Main takeaway from homework

  • Need to check for outliers and data misentries
  • Extrapolating trends from starting points, without a historical knowledge of where your starting point really exists can lead to dangerous analysis and predictions
    • Australian Wool production and clay production likely have very similar seasonality, cycles, and trends. However, because of a difference in starting points in the observed datasets, different conclusions can be drawn from each.
    • A similar trend likely exists in Australian gas versus US gasoline datasets.
  • stlplus package can be useful for decomposition and visualization, I explored the package rpubs links

2.1

A Use autoplot() to plot each of these in separate plots.
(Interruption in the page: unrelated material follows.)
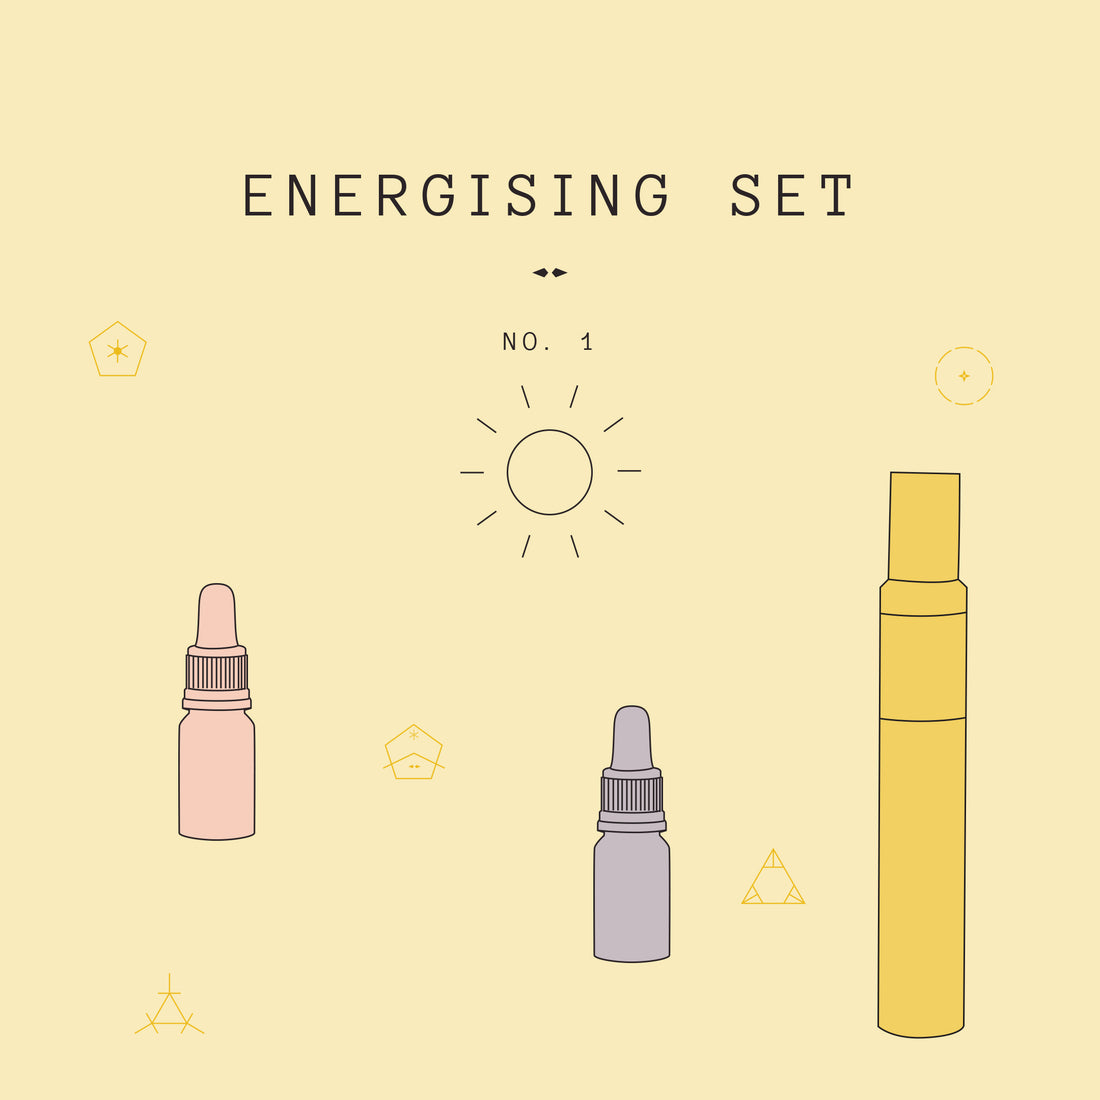 Energising 1 Gift Set is designed to help lift your energy  and your mood. PRODUCTS INCLUDED:  ・Feather & Seed Effervescent Essential Oil, 10ml ・Feather & Seed Zesty Essential Oil, 10ml ・Serene Body Health Lift Natural Perfume Roll On, 10ml

  • The data represents 3 time series dataframes
  • Below autoplot reveals
    • Gold series- is cyclic, and has trends. It doesn’t appear to have seasonality beyond the single day fluctuations and its frequency is 1 day. The spike in the dataset around day 800, looks like an outlier
    • The Wool dataset- appears to be cyclical and seasonal. There was a large downward movement from 1972-75. From 75-92 it appears to not be cyclical and show only seasonal trends, but then something is happening at the end of the dataset in 1995 that causes it to spike. Its frequency is 4 representing quarters. Clearly wool sales reach bottom beginning of every year(summer), and peak in what looks like 2nd quarter(winter). Austraillia is in the southern hemisphere
      • it appears in 1974 a Reserve Price Scheme (RPS) was introduced to in Australia, perhaps that caused the decline. Setting a floor for price could potentially lower production
      • please see link for info on wool prices in Australia
      • This practice ended in 1992 and perhaps lead to the upward trend we may be seeing in 95
    • The gas data set- is seasonal and has a clear upward trend, and appears to be cyclical with increased movement in it’s price range as time increases
devtools::install_github("strboul/caseconverter")
# Comment out exploration
#?gold
# ?woolyrnq 
# ?gas
#tsdisplay(gold)
# tsdisplay(woolyrnq)
# tsdisplay(gas)
#str(gold)
plot_grid(autoplot(gold),autoplot(woolyrnq),autoplot(gas))

plot_grid(tsdisplay(gold)
,tsdisplay(woolyrnq),tsdisplay(gas))

B What is the frequency of each series?

  • Gold- 1 daily
  • wool- 4- quarterly
  • gas-12- monthly
print(list(frequency(gold),frequency(woolyrnq),frequency(gas)))
## [[1]]
## [1] 1
## 
## [[2]]
## [1] 4
## 
## [[3]]
## [1] 12
#time(gas)

#?frequency

C Use which.max() to spot the outlier in the gold series. Which observation was it?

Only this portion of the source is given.